Work task — Could you give again exactly, and only, the lines from the one holding "Package Dino shorts - Promo t-shirt Green" through the end of the data, both ends included, with pictures left out?
━━━━━ Source data
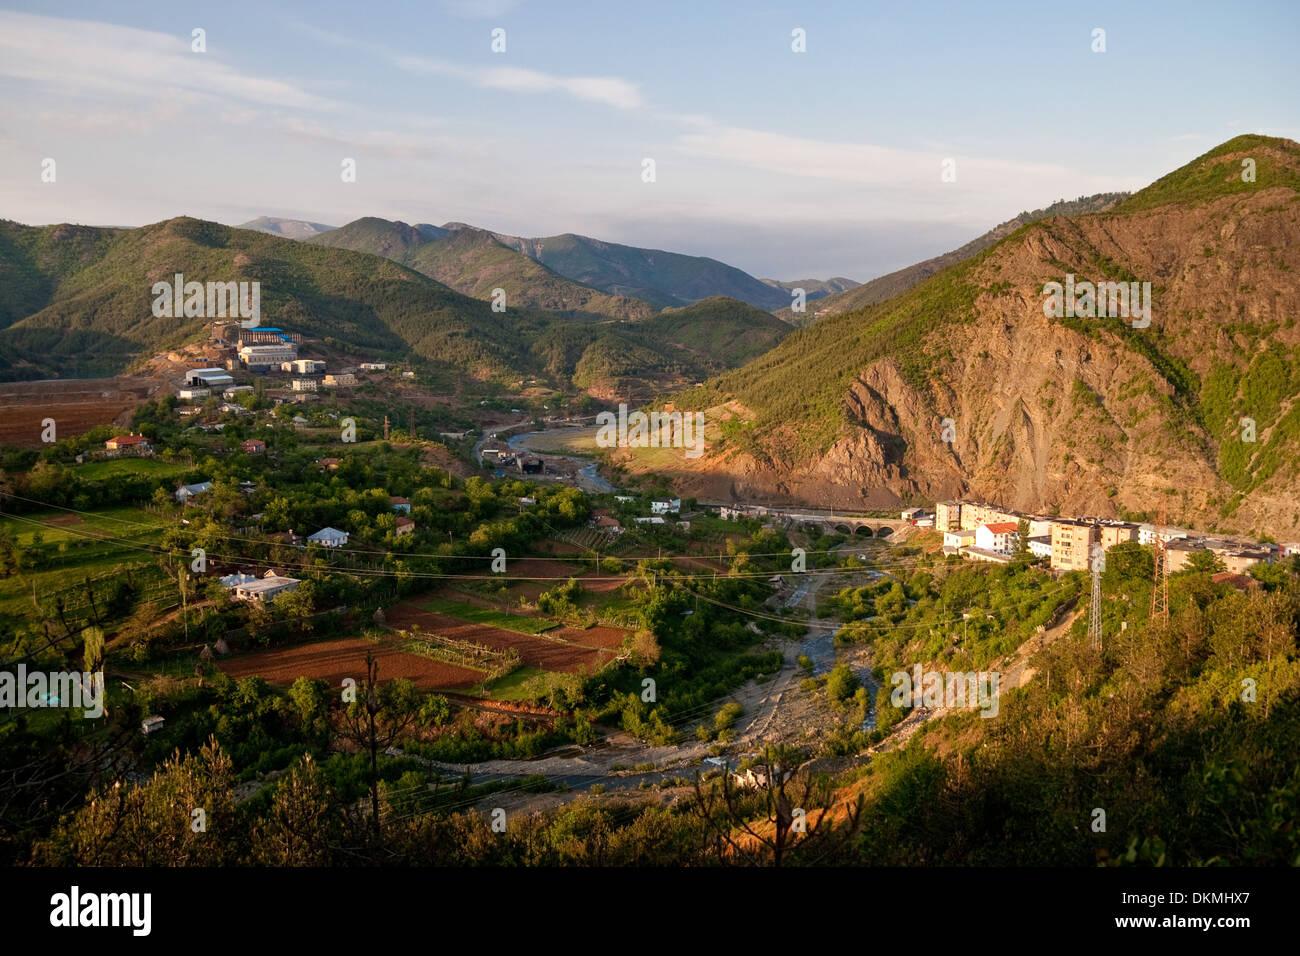 Fushe Arrez, little poor village in northern albania - Stock Image
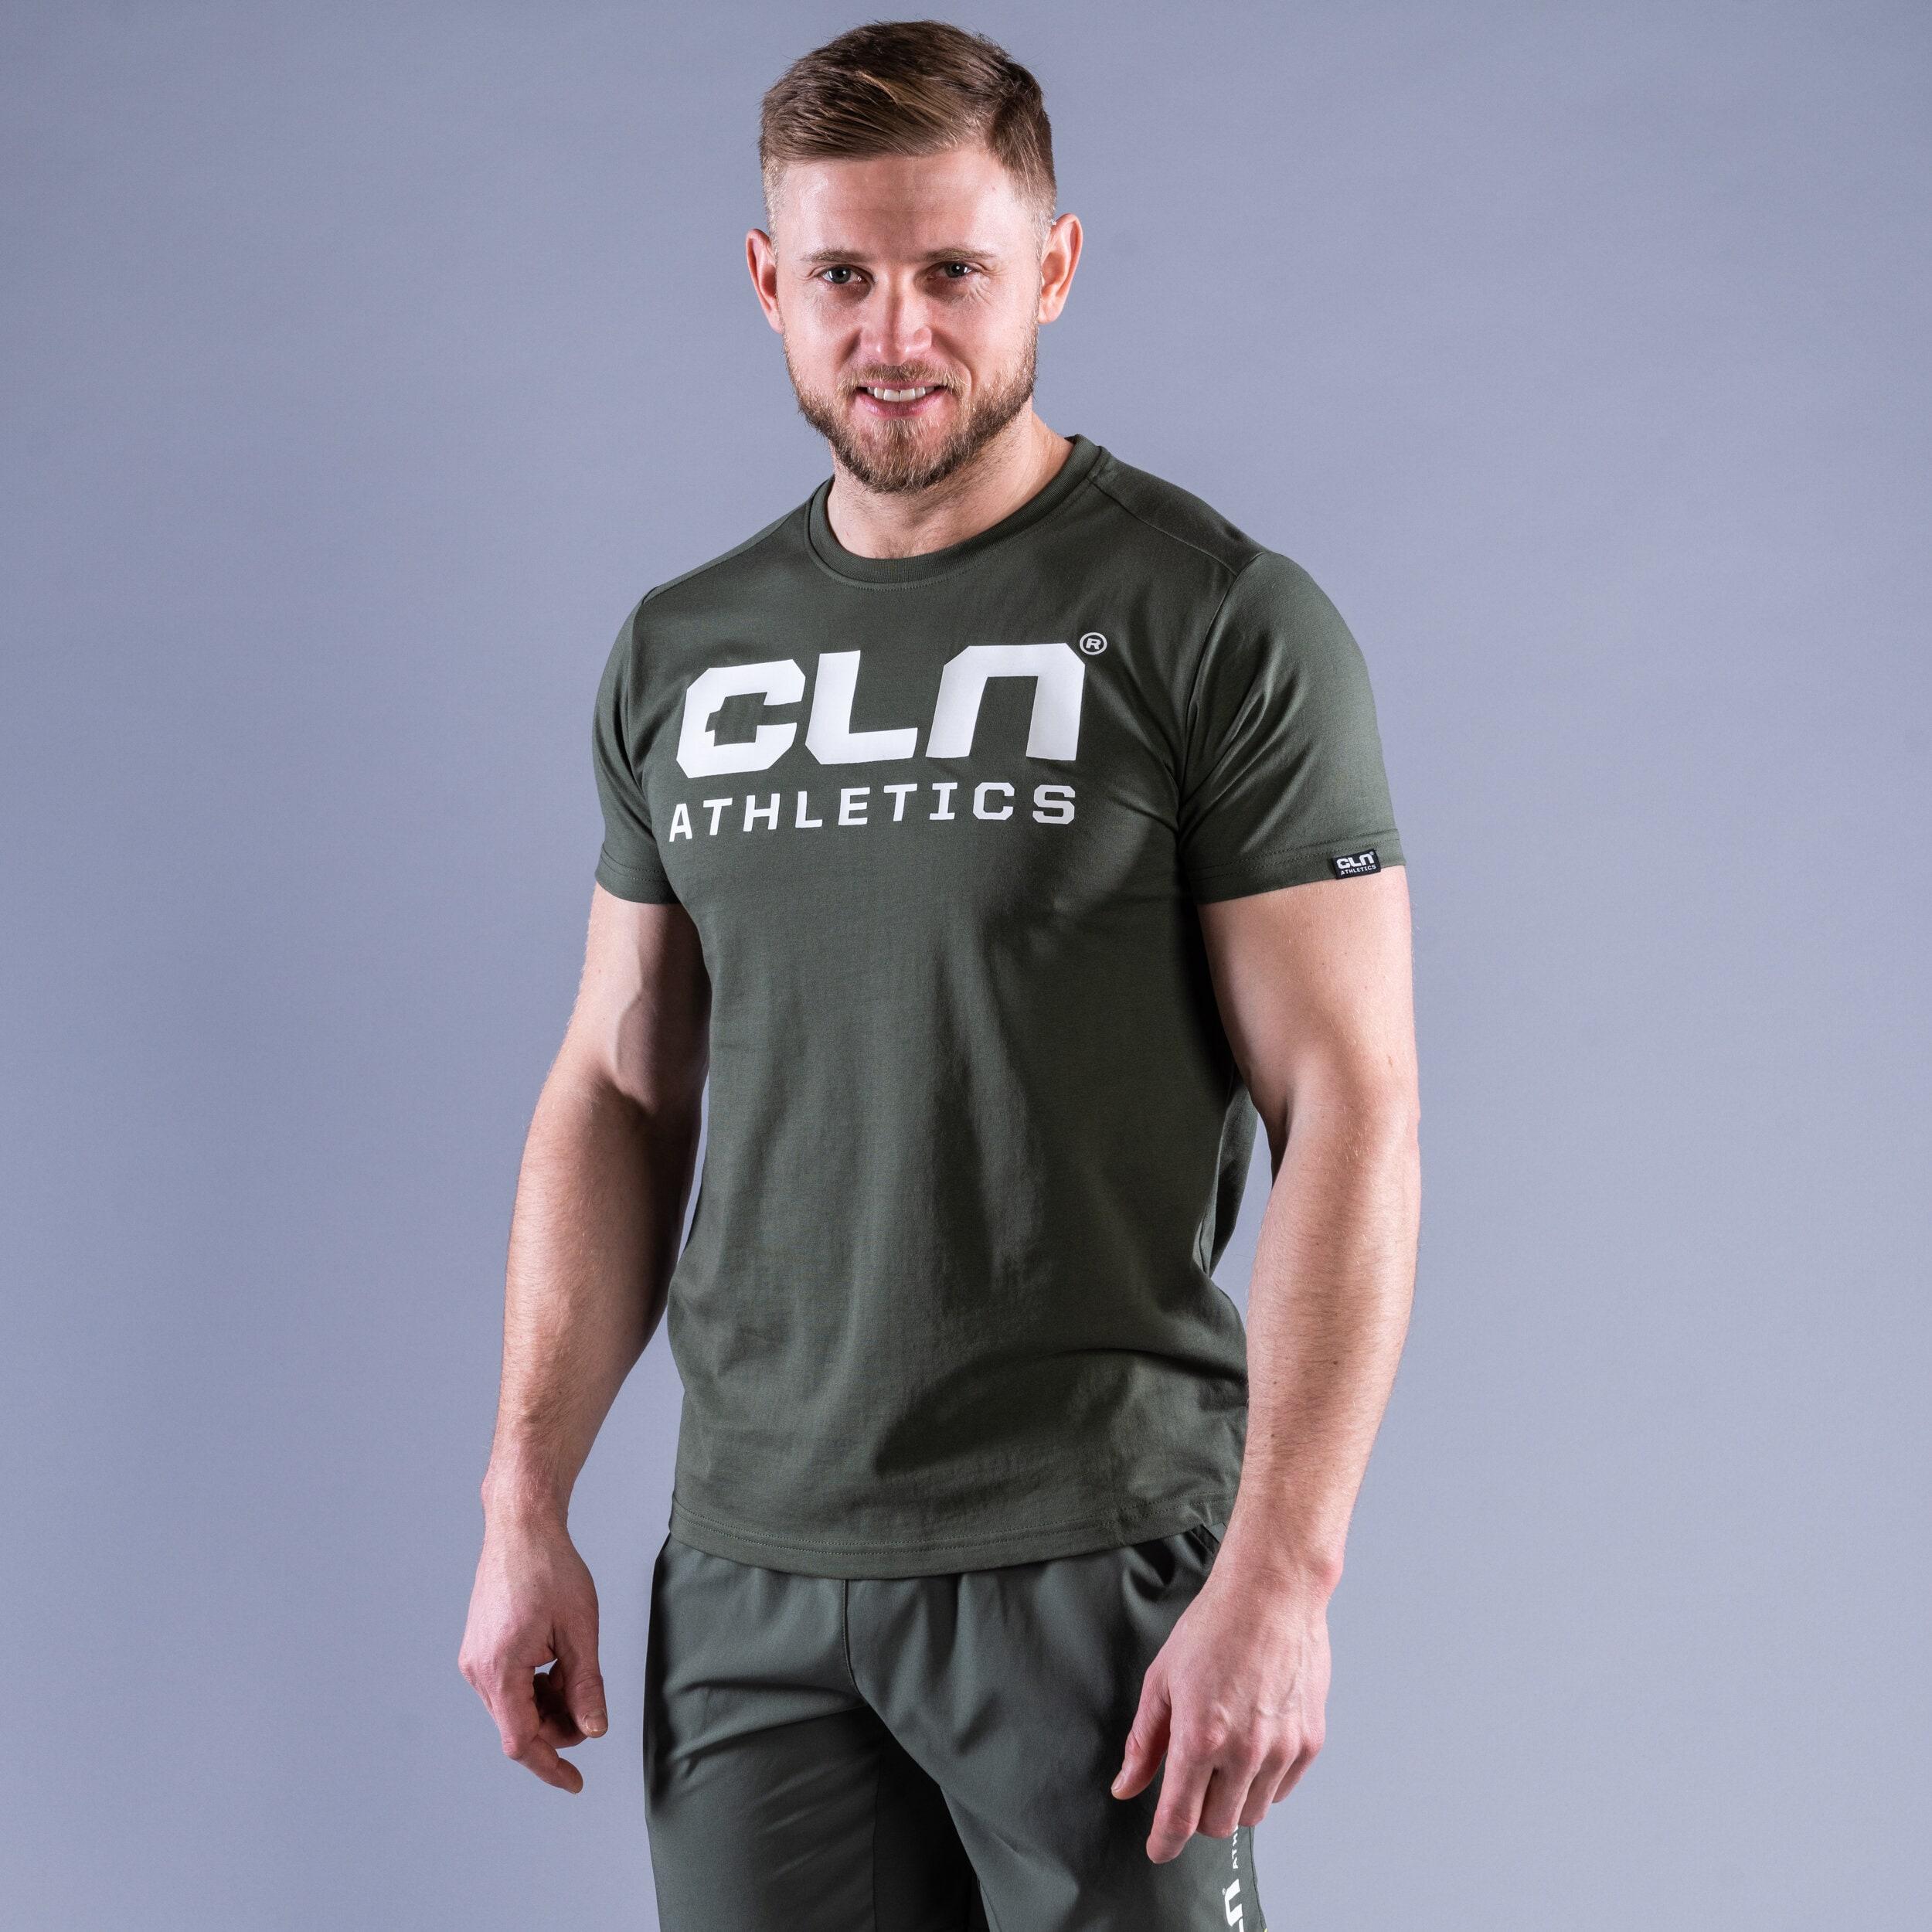 Package Dino shorts - Promo t-shirt Green
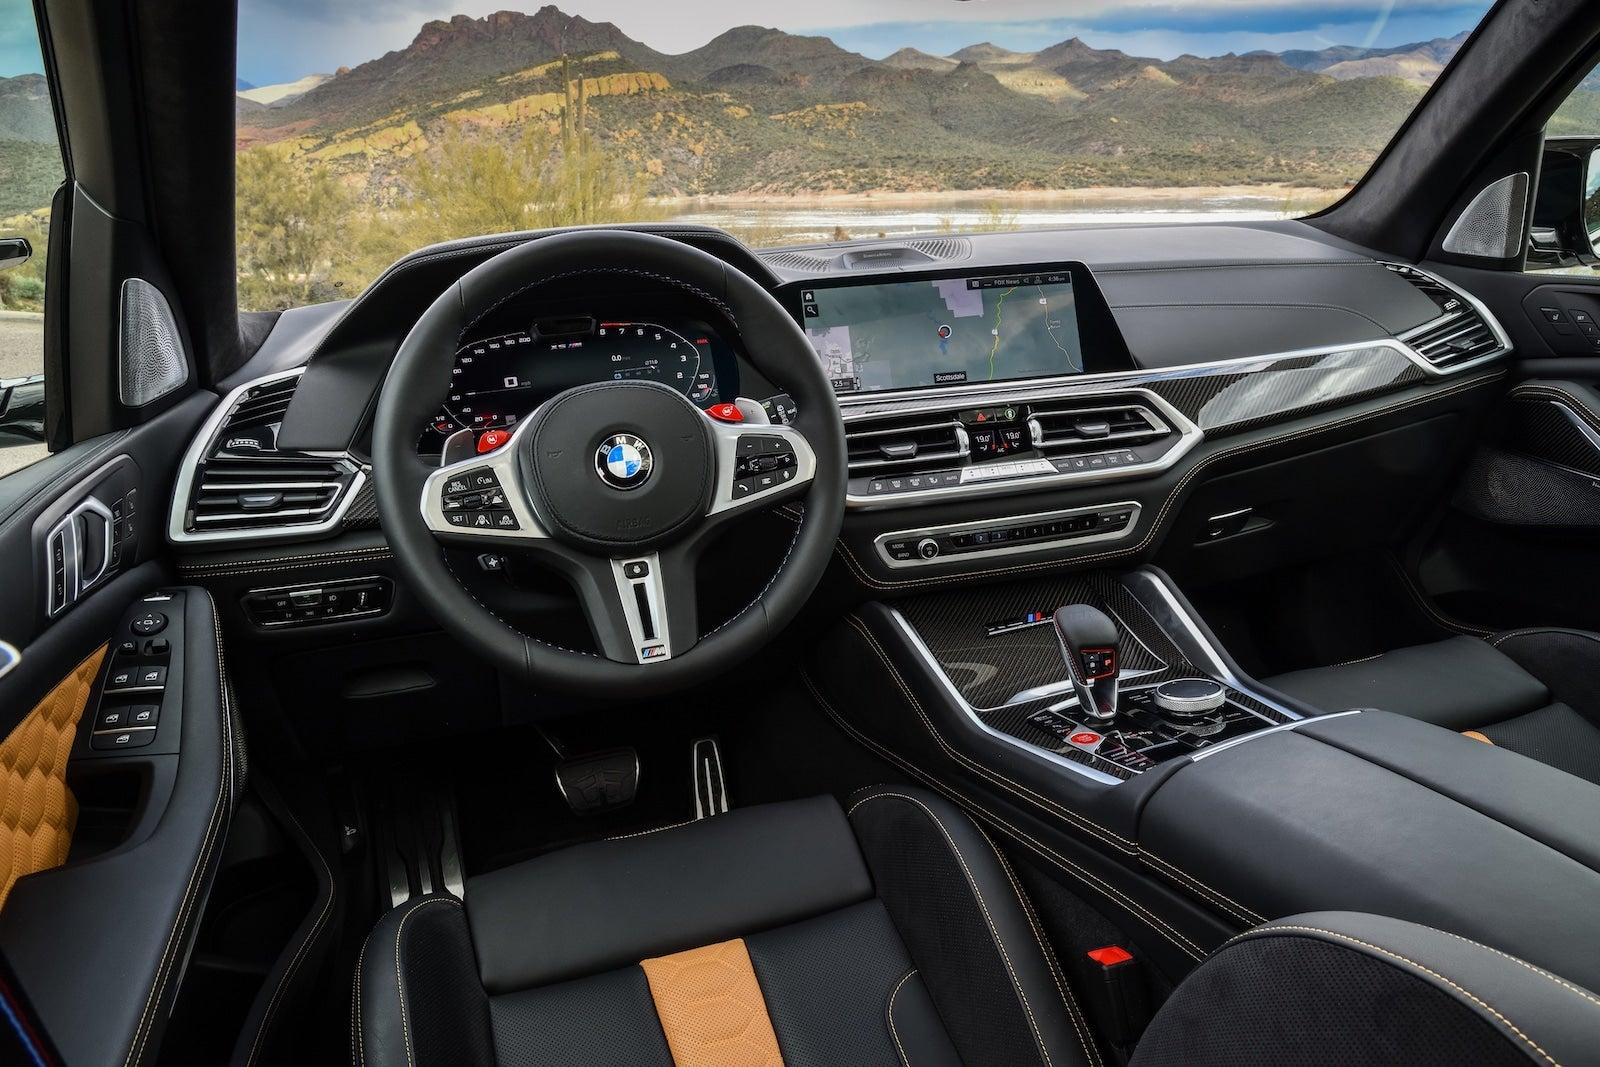 First Drive: 2020 BMW X5 M50i  TheDetroitBureau.com
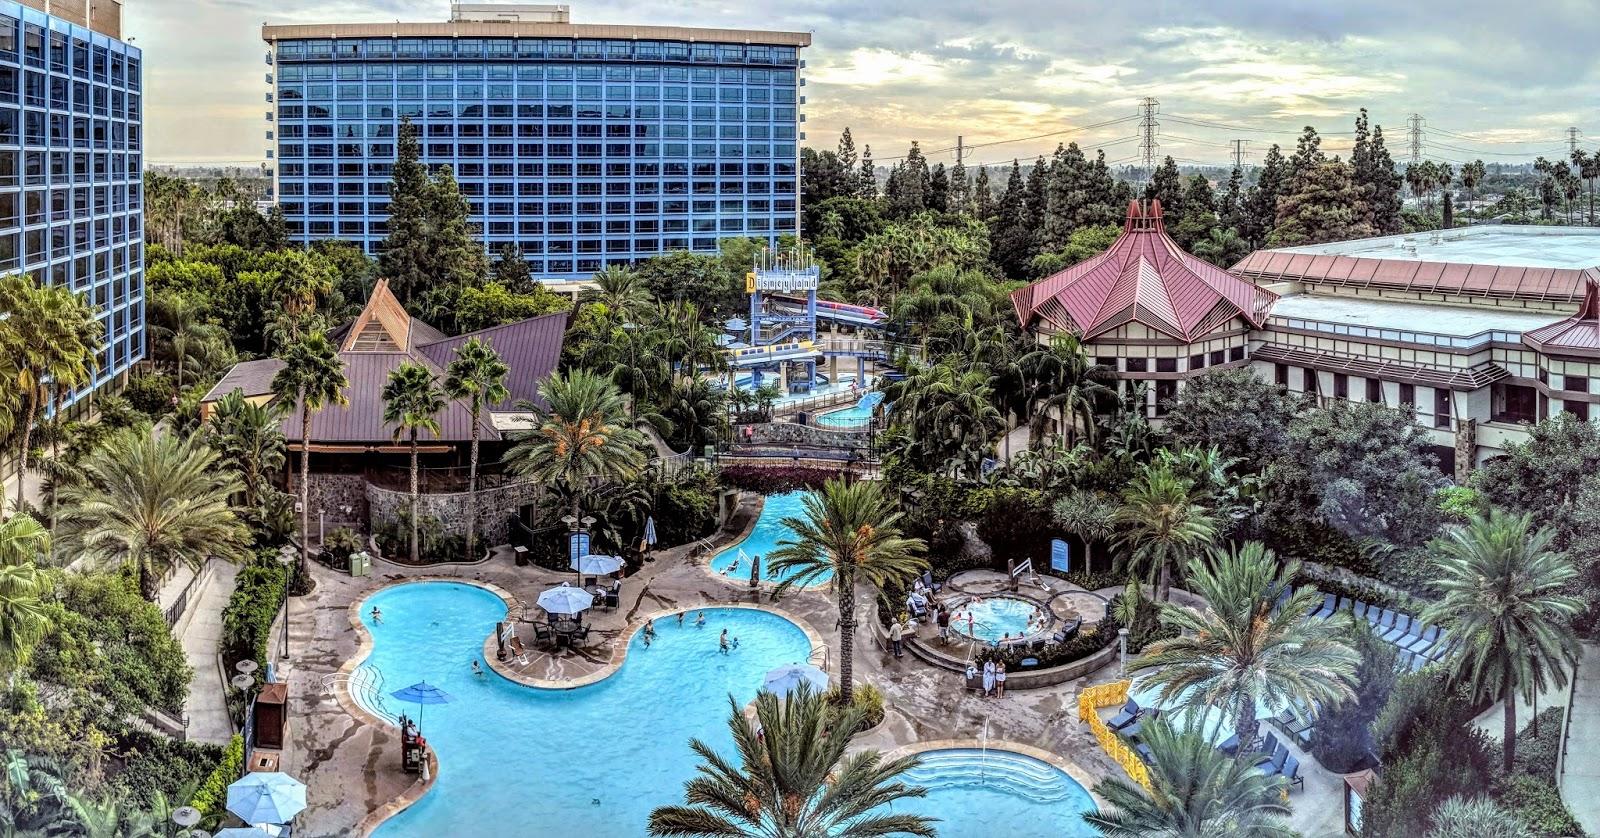 Anaheim Hotels With Kitchen Near Disneyland Outdoor Patio Review Hotel
━━━━━━━━━━
Response to this task —
 Package Dino shorts - Promo t-shirt Green
 First Drive: 2020 BMW X5 M50i  TheDetroitBureau.com
 Anaheim Hotels With Kitchen Near Disneyland Outdoor Patio Review Hotel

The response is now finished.